RECORDED DATA:
--

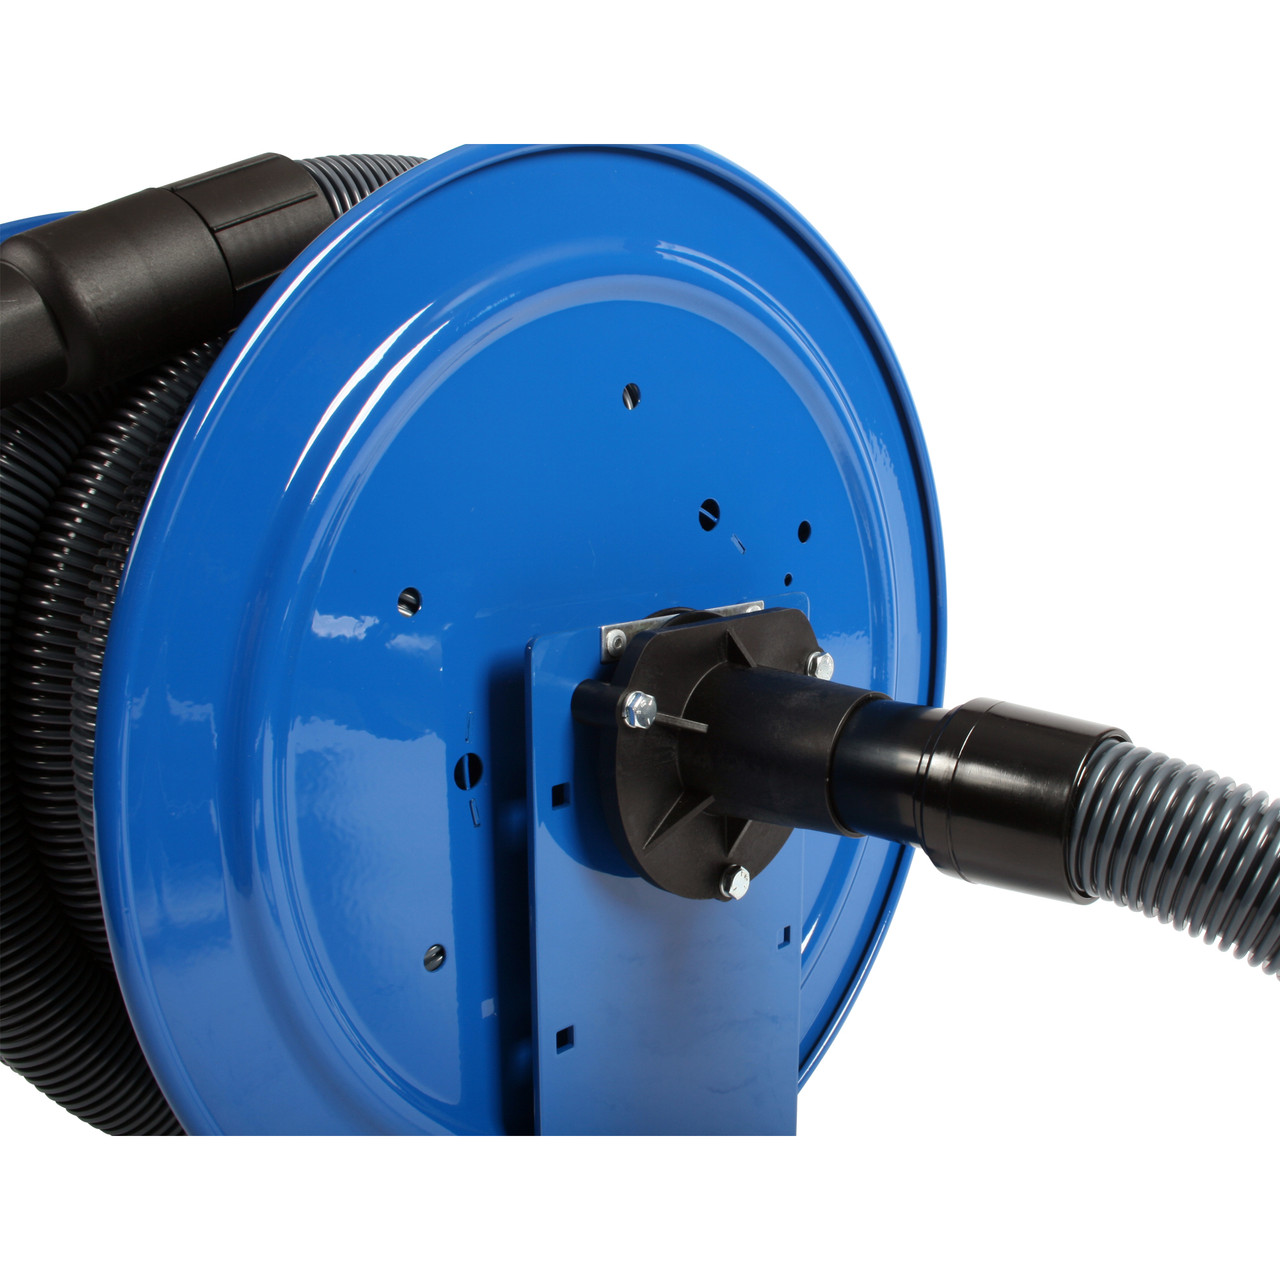 Industrial Grade Steel Hose Reel and Wet/Dry Vacuum Attachment Set -  Cen-Tec Systems
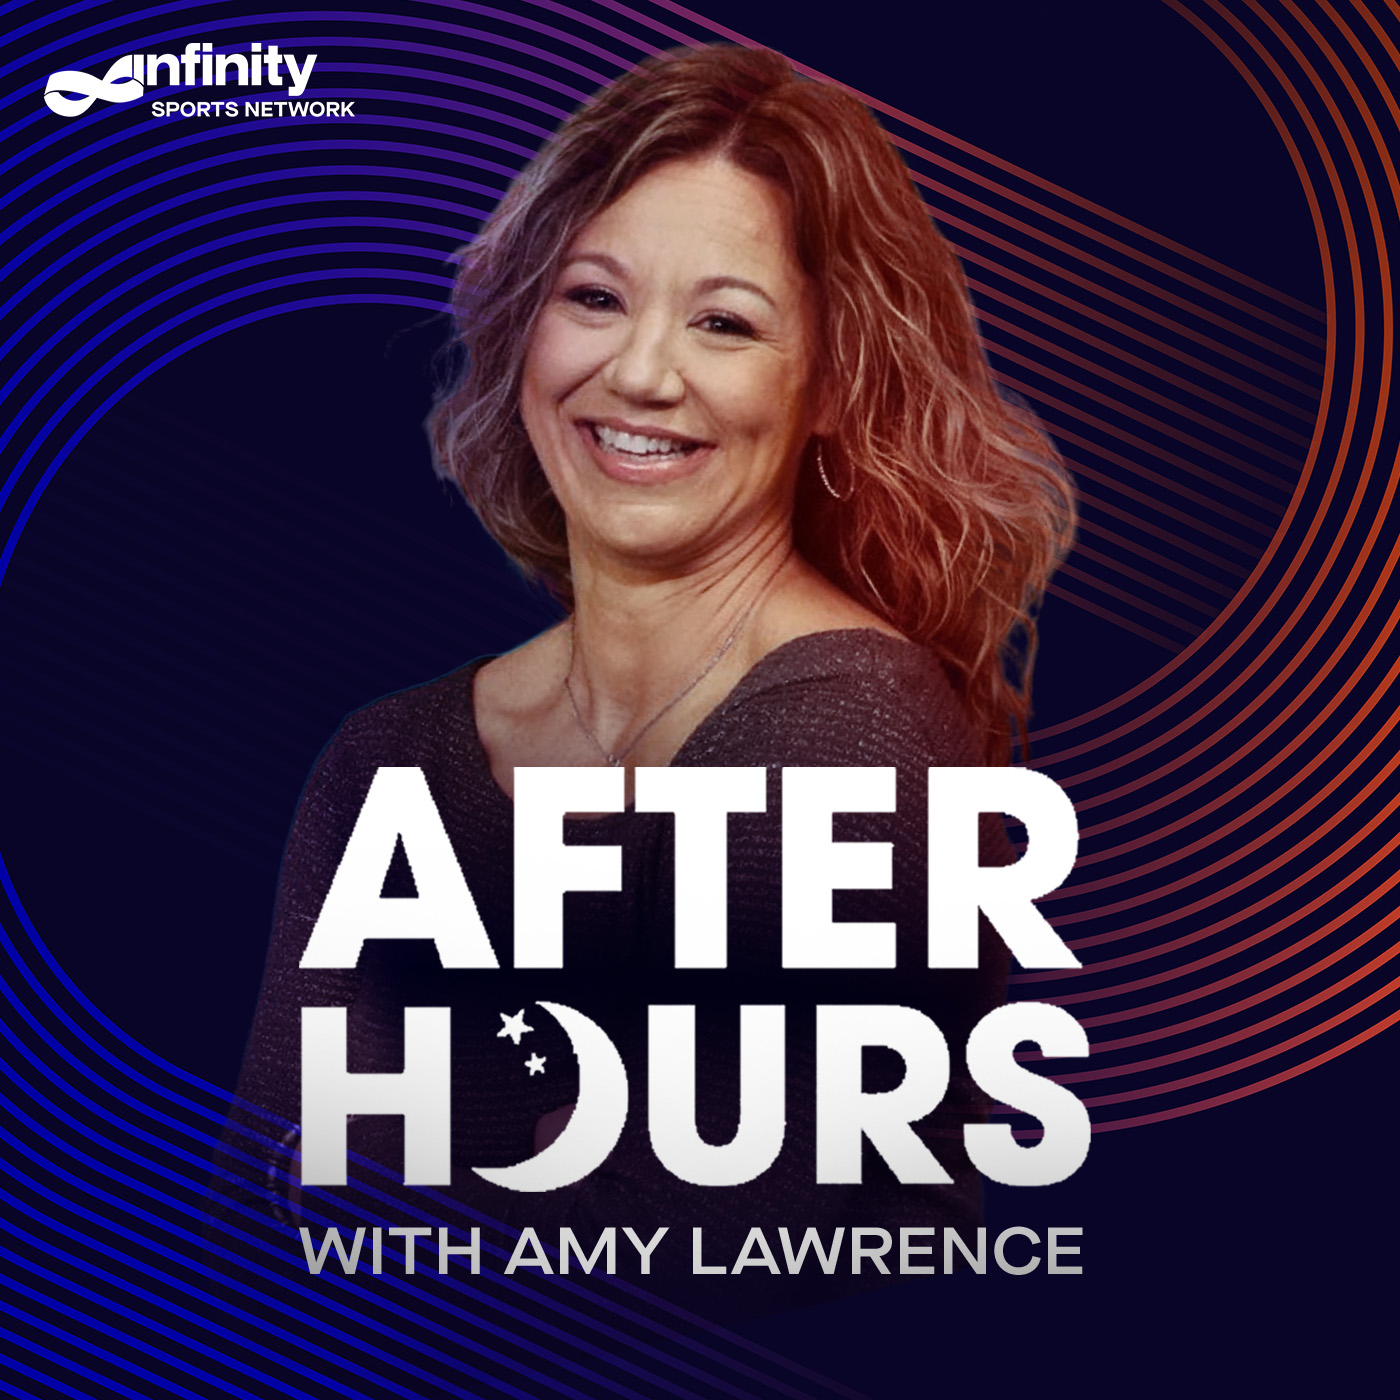 4/1/21 After Hours with Amy Lawrence PODCAST: Hour 3
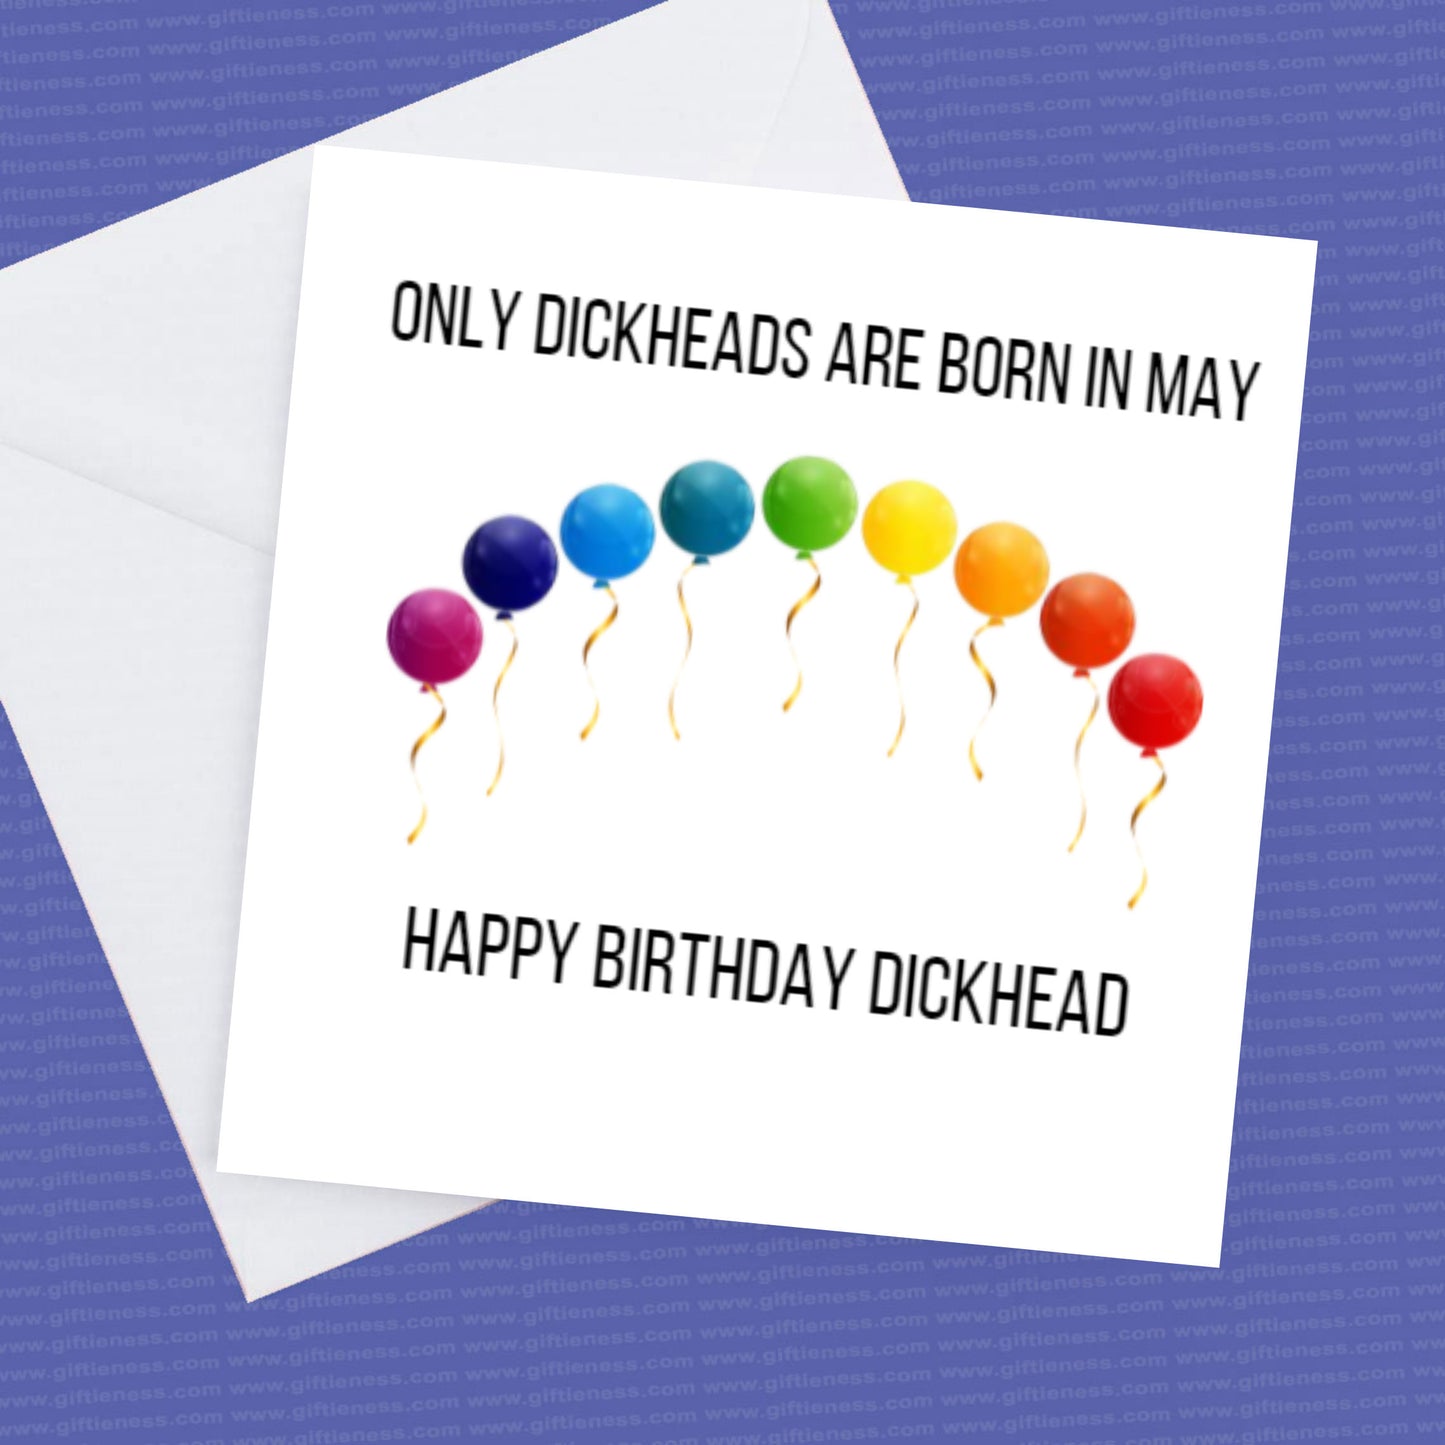 Only Dickheads are born in May - Happy Birthday Dickhead - Month can be changed to any you require

--

Give back word for word the lines from the one containing "4/1/21 After Hours" through the final line of the data above. Pictures are to be left out.

SOLUTION TO THIS PROBLEM:
 4/1/21 After Hours with Amy Lawrence PODCAST: Hour 3
 Only Dickheads are born in May - Happy Birthday Dickhead - Month can be changed to any you require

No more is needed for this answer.